-- RECORDS PROVIDED --
◇ ◇ ◇
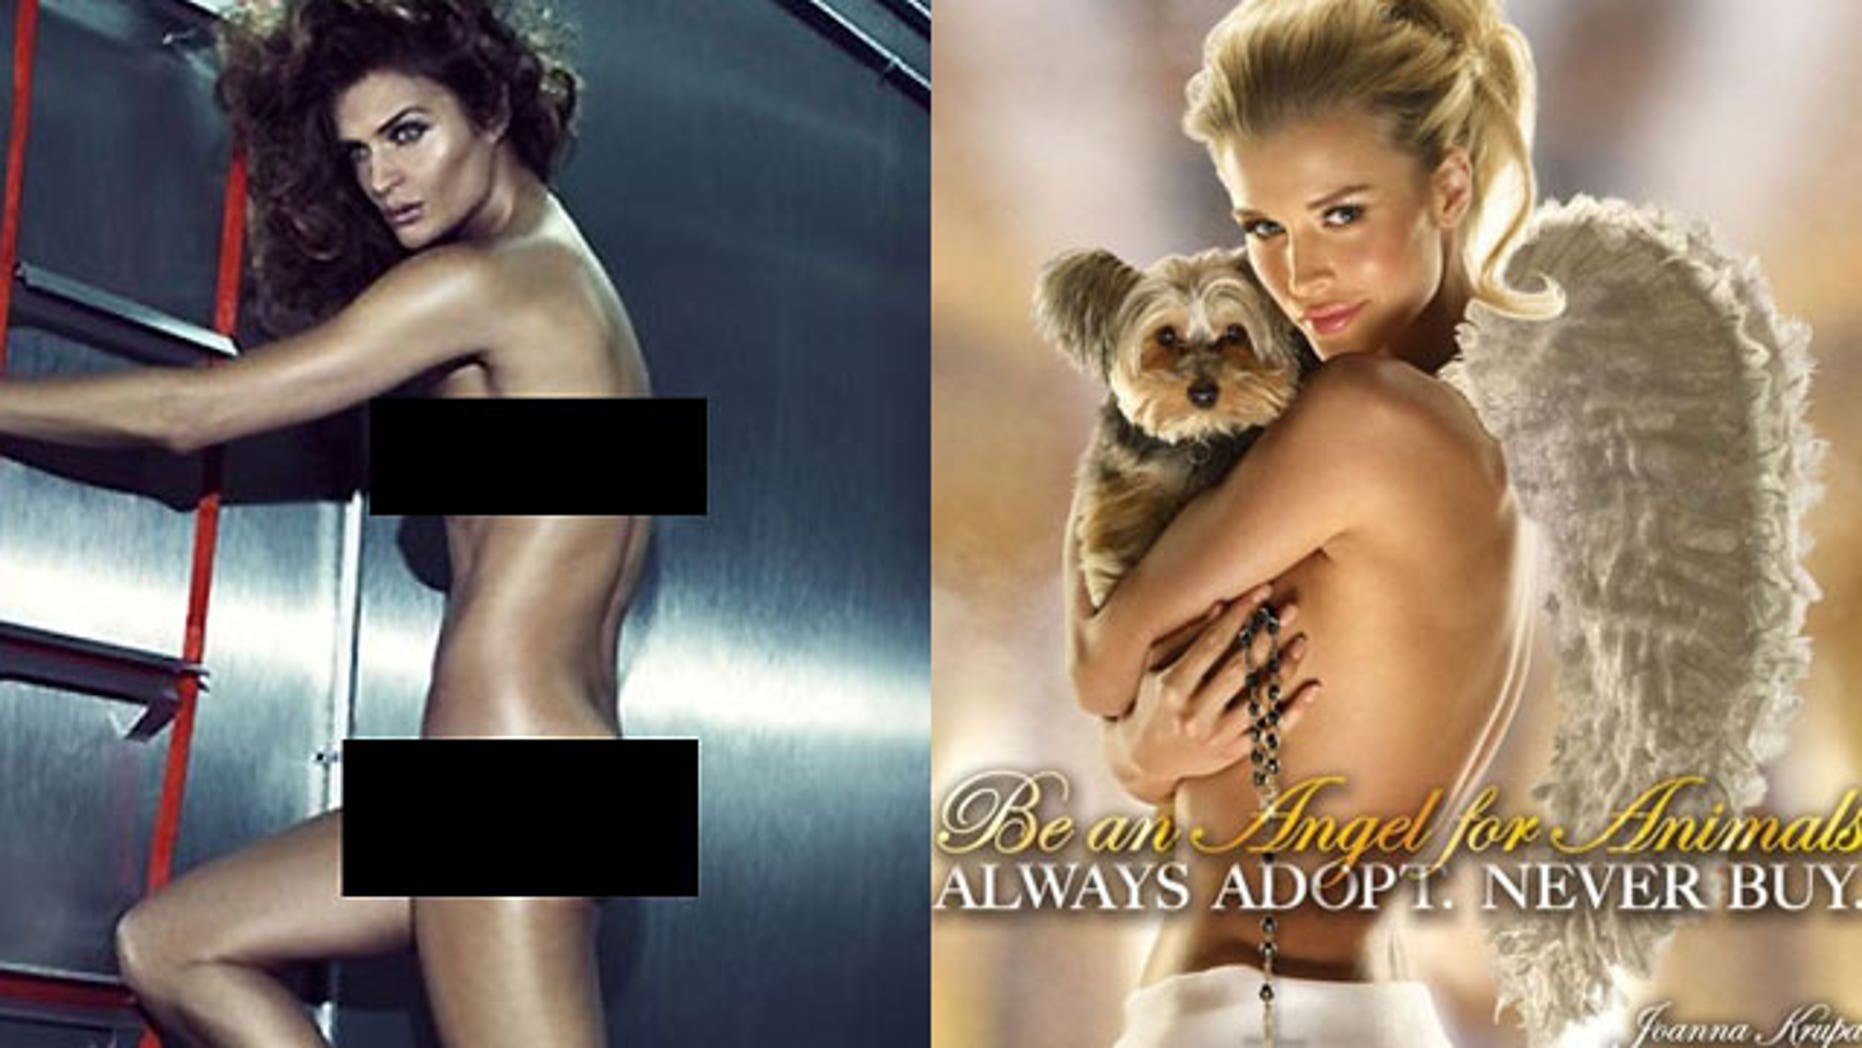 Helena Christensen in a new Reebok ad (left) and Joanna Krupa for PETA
◇ ◇ ◇
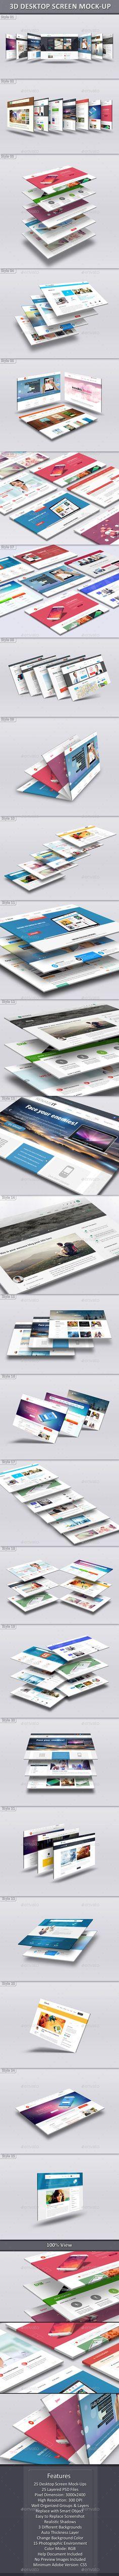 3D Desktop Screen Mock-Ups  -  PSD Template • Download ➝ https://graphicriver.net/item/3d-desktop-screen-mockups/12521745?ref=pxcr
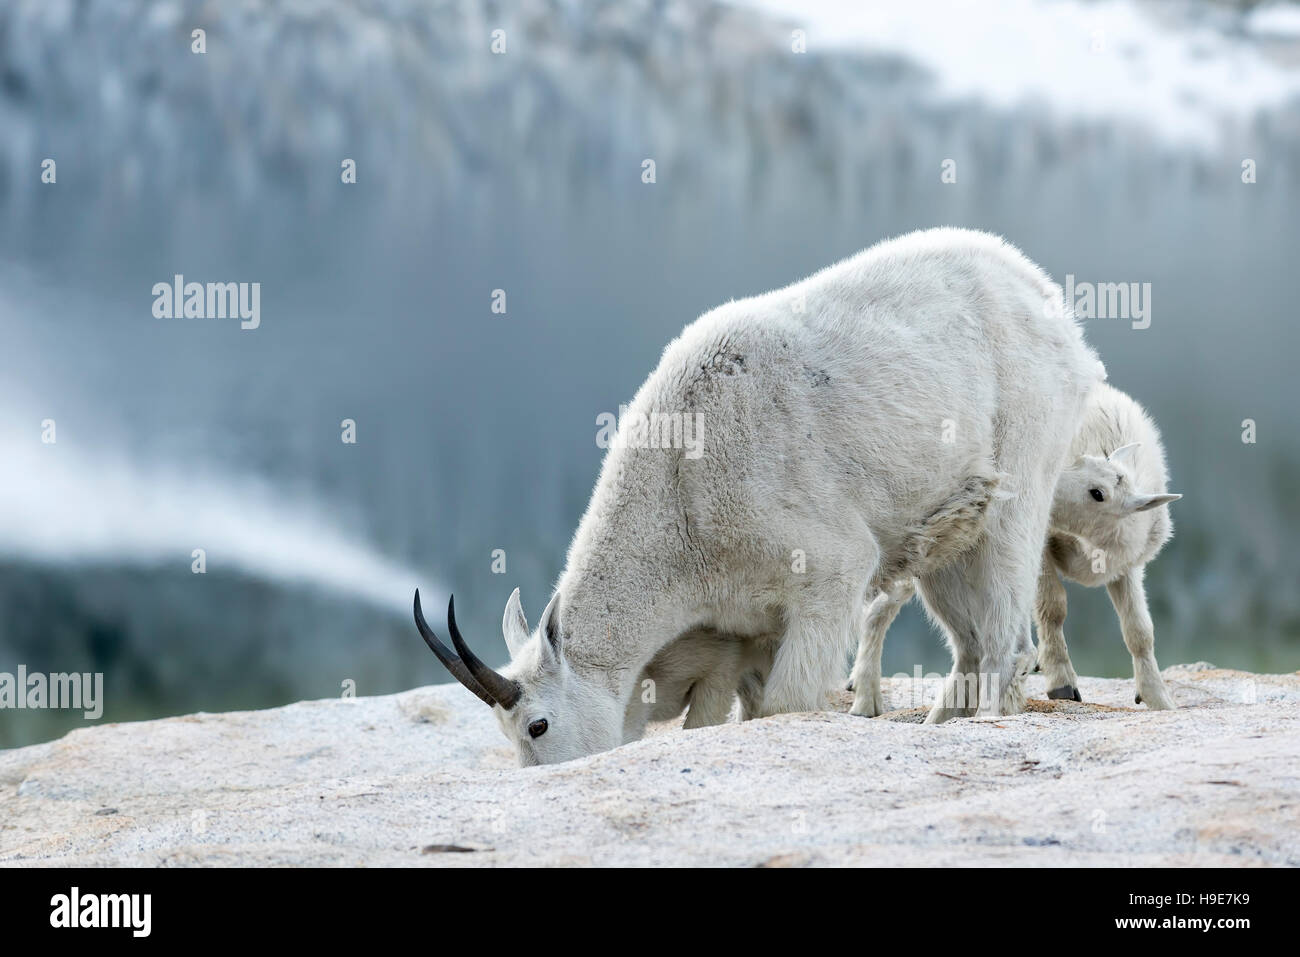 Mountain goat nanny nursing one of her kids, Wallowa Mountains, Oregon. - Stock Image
◇ ◇ ◇
-- TASK INSTRUCTIONS --
What you return must match the lines above from the one with "3D Desktop Screen" through the one with "Mountain goat nanny" exactly, with both ends included and the pictures excluded.

-- ANSWER FOR THIS EXERCISE --
 3D Desktop Screen Mock-Ups  -  PSD Template • Download ➝ https://graphicriver.net/item/3d-desktop-screen-mockups/12521745?ref=pxcr
 Mountain goat nanny nursing one of her kids, Wallowa Mountains, Oregon. - Stock Image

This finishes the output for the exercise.